We don't have a timeline for when the Supreme Court would issue a ruling. There's nothing contemplated or required in the statute, so that's completely up to the timing of the Supreme Court's action.
And then maybe, just bigger picture, sort of on the -- I guess, it will remain to be seen, whether it's a step change in gas costs or not in the medium to long term. But for now, that step change in gas cost, whether it changes anything about how you're thinking about of the business, capital allocation and then also, within guidance, is there anything for increased working capital costs or bad debt?
So Gabe, I'll take the first part of that. And we're obviously very mindful of the impact that it has on our customers. But in terms of our capital spending program, there's really a couple of things to think about. One, on the growth side, we're responding to what the market demand is. Housing inventories are low, and that market continues to move very quickly. So there's a high demand for our product. The builders and developers that are putting in these new neighborhoods, want to be able to offer natural gas service in those neighborhoods. So that's driving a big portion of our capital.
And then, as we've talked about several times before, the spending that we do on system integrity, we're agnostic to those other factors. We have to spend the capital on the system that's needed to maintain system integrity and reliability. And just as we have since day 1, we continue to stay focused on the spending for those items as well.
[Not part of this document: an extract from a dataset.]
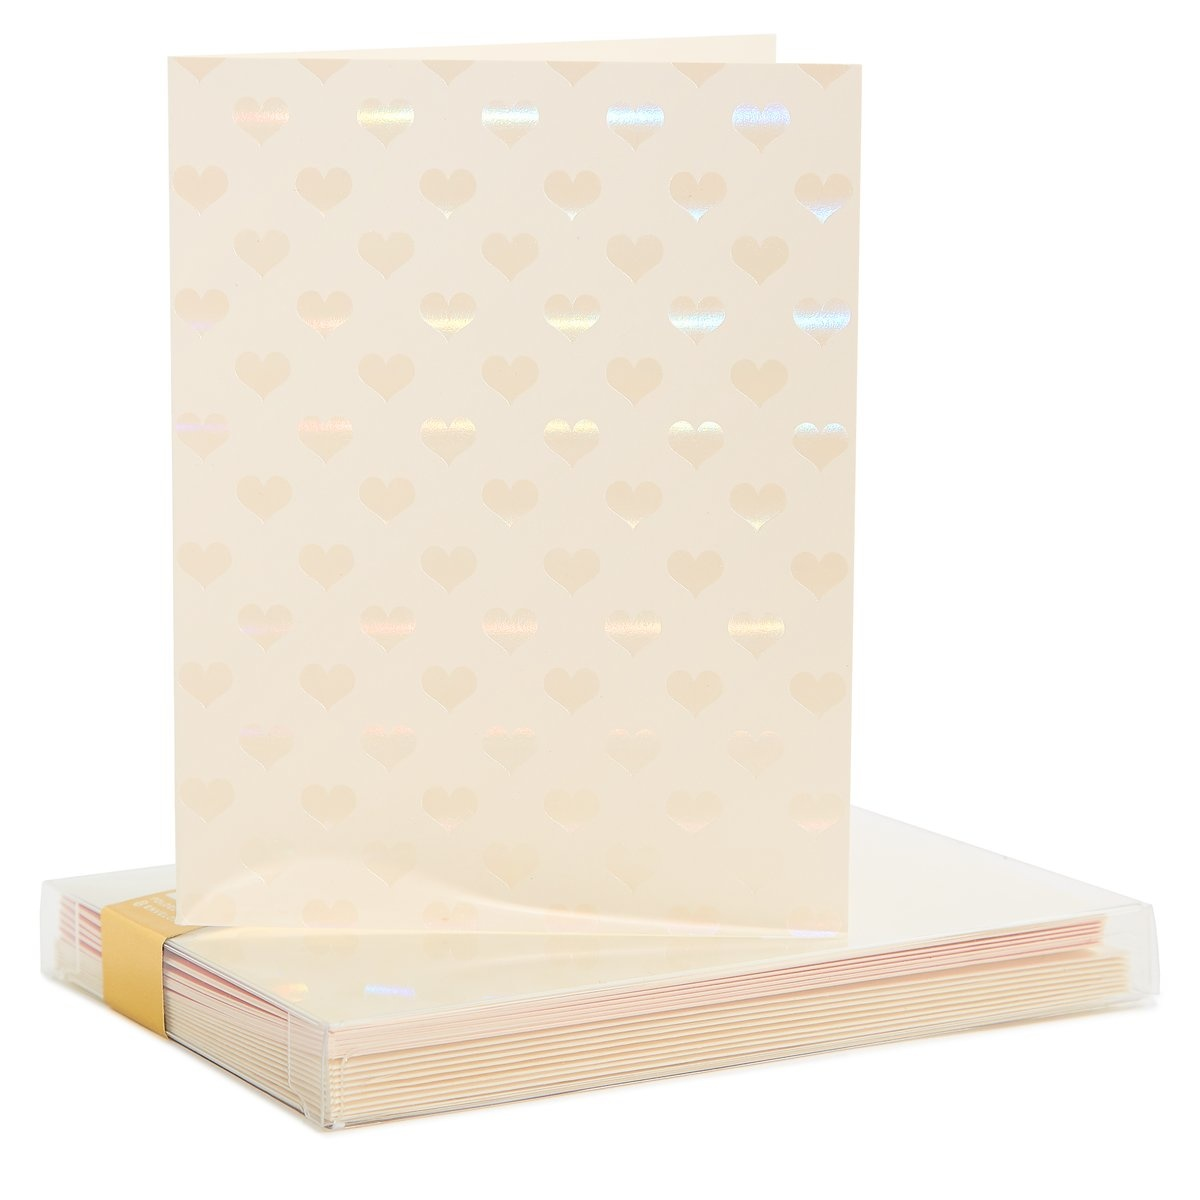 Snow & Graham Boxed #3235 Shimmer Hearts

And Gabe, as it relates to guidance, of course, we issued our guidance in January prior to this recent kind of ramp-up in inflation and increase in interest costs. So no, there's nothing specific in the plan related to that, other than the general inflation that we would normally expect in a year. That said, we have certainly evaluated and continue to evaluate the impact on our plan. And for now, we've affirmed guidance and believe that those impacts are manageable for 2022.
[Operator Instructions]. We'll now take a follow-up from the line of Julien Dumoulin-Smith with Bank of America.
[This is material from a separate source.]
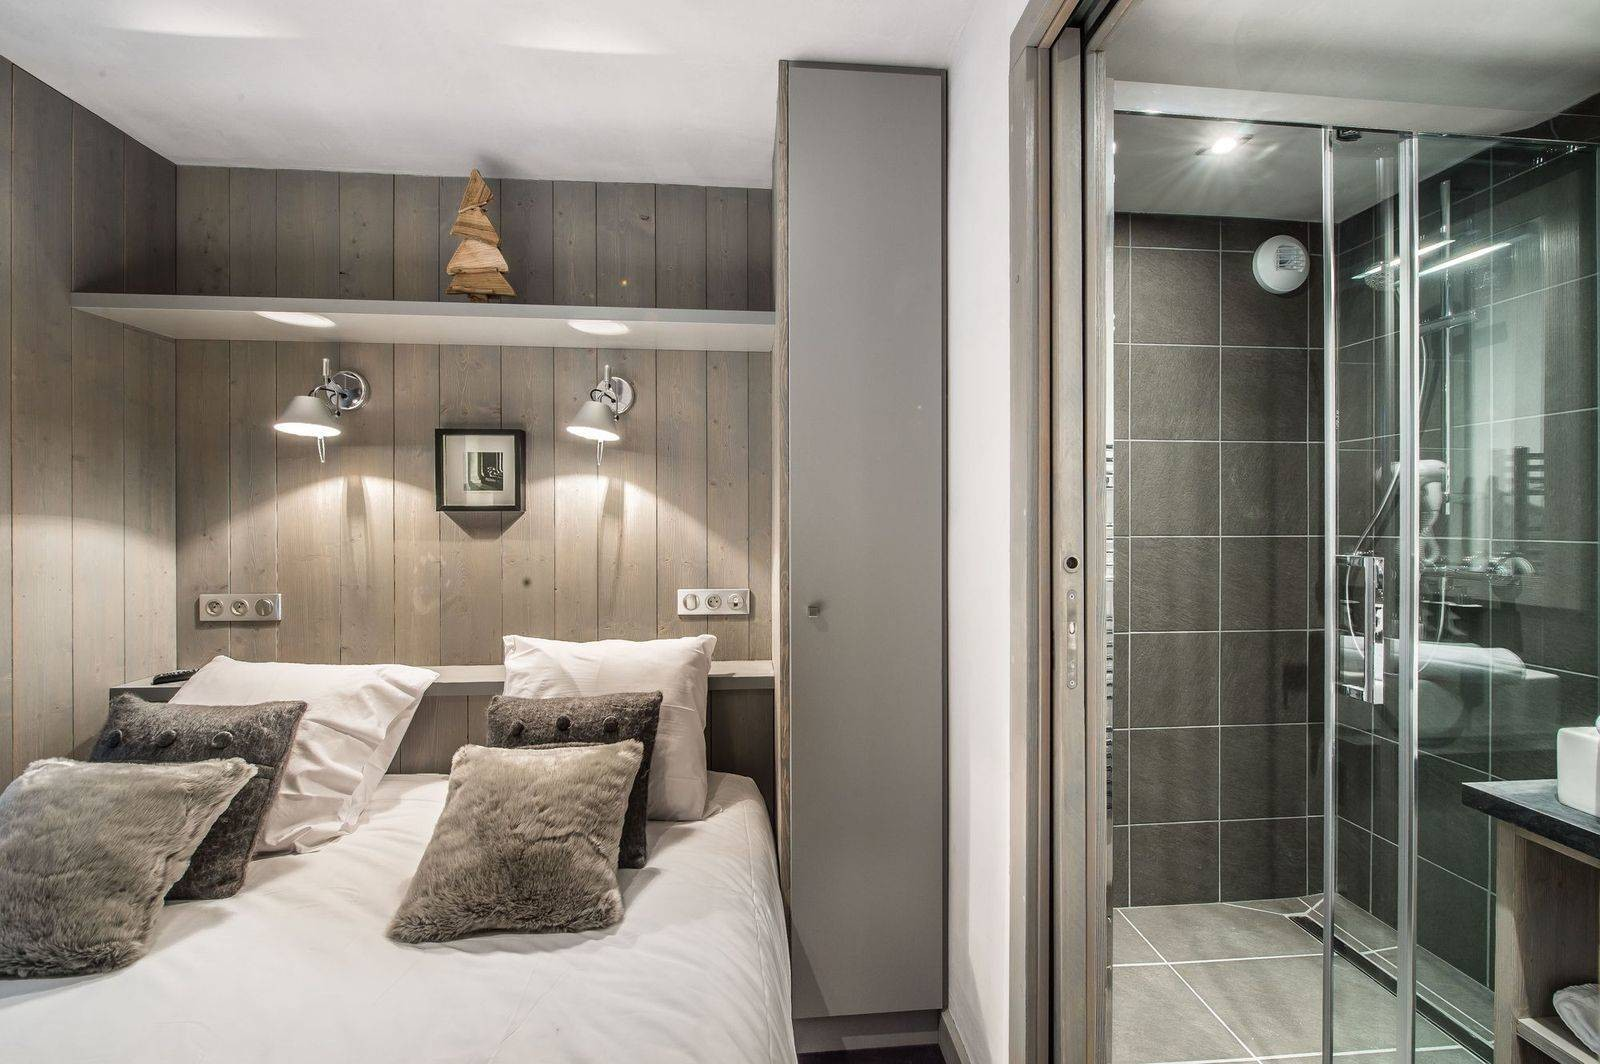 Courchevel 1650 Location Appartement Luxe Dalersi Chambre 4

Kody again. Just one quick follow-up housekeeping item. Just looking at residential volumes down 4% year-over-year, while residential customer growth continued and heating degree days were higher, it looks like a mix in Texas might be a factor here, but wondering if you can give a little bit more color on what's driving this dynamic?
Yes. Kody, this is Curtis again. That's purely related to Winter Storm Uri and the impacts that we saw in the first quarter last year versus what the weather patterns were like this year. Just the concentration of the cold weather in February. But then also, it's not -- it's difficult to compare as well, because some of our customers around the territories were also dealing with electric outages. And so while their volumes may have been even higher last year, not having electricity, that had an impact as well. So it's really apples and oranges comparison.
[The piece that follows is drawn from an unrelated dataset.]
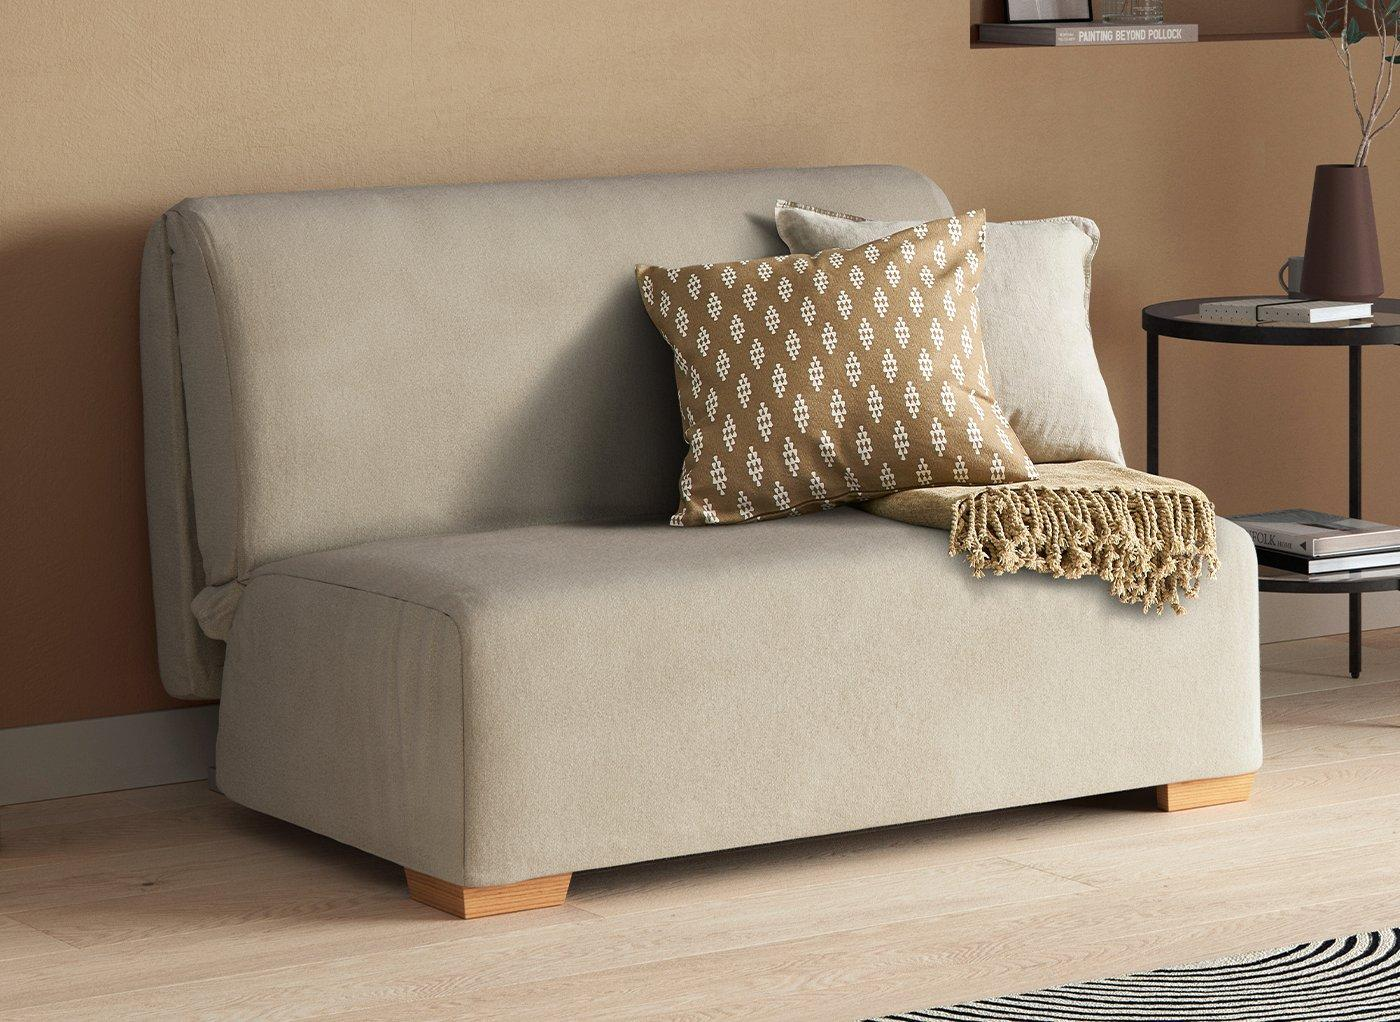 Cork 2 Seater 4'6 A-Frame Sofa Bed - Cream Double

[Operator Instructions]. As it appears there are no further telephone questions, I'd like to turn the conference back over to our presenters for any additional or closing remarks.
Thank you all again for your interest in ONE Gas. Our quiet period for the second quarter starts when we close our books in early July and extends until we release earnings in August. We'll provide details on the conference call at a later date. Have a great day.
And once again, that does conclude today's conference. We thank you all for your participation. You may now disconnect.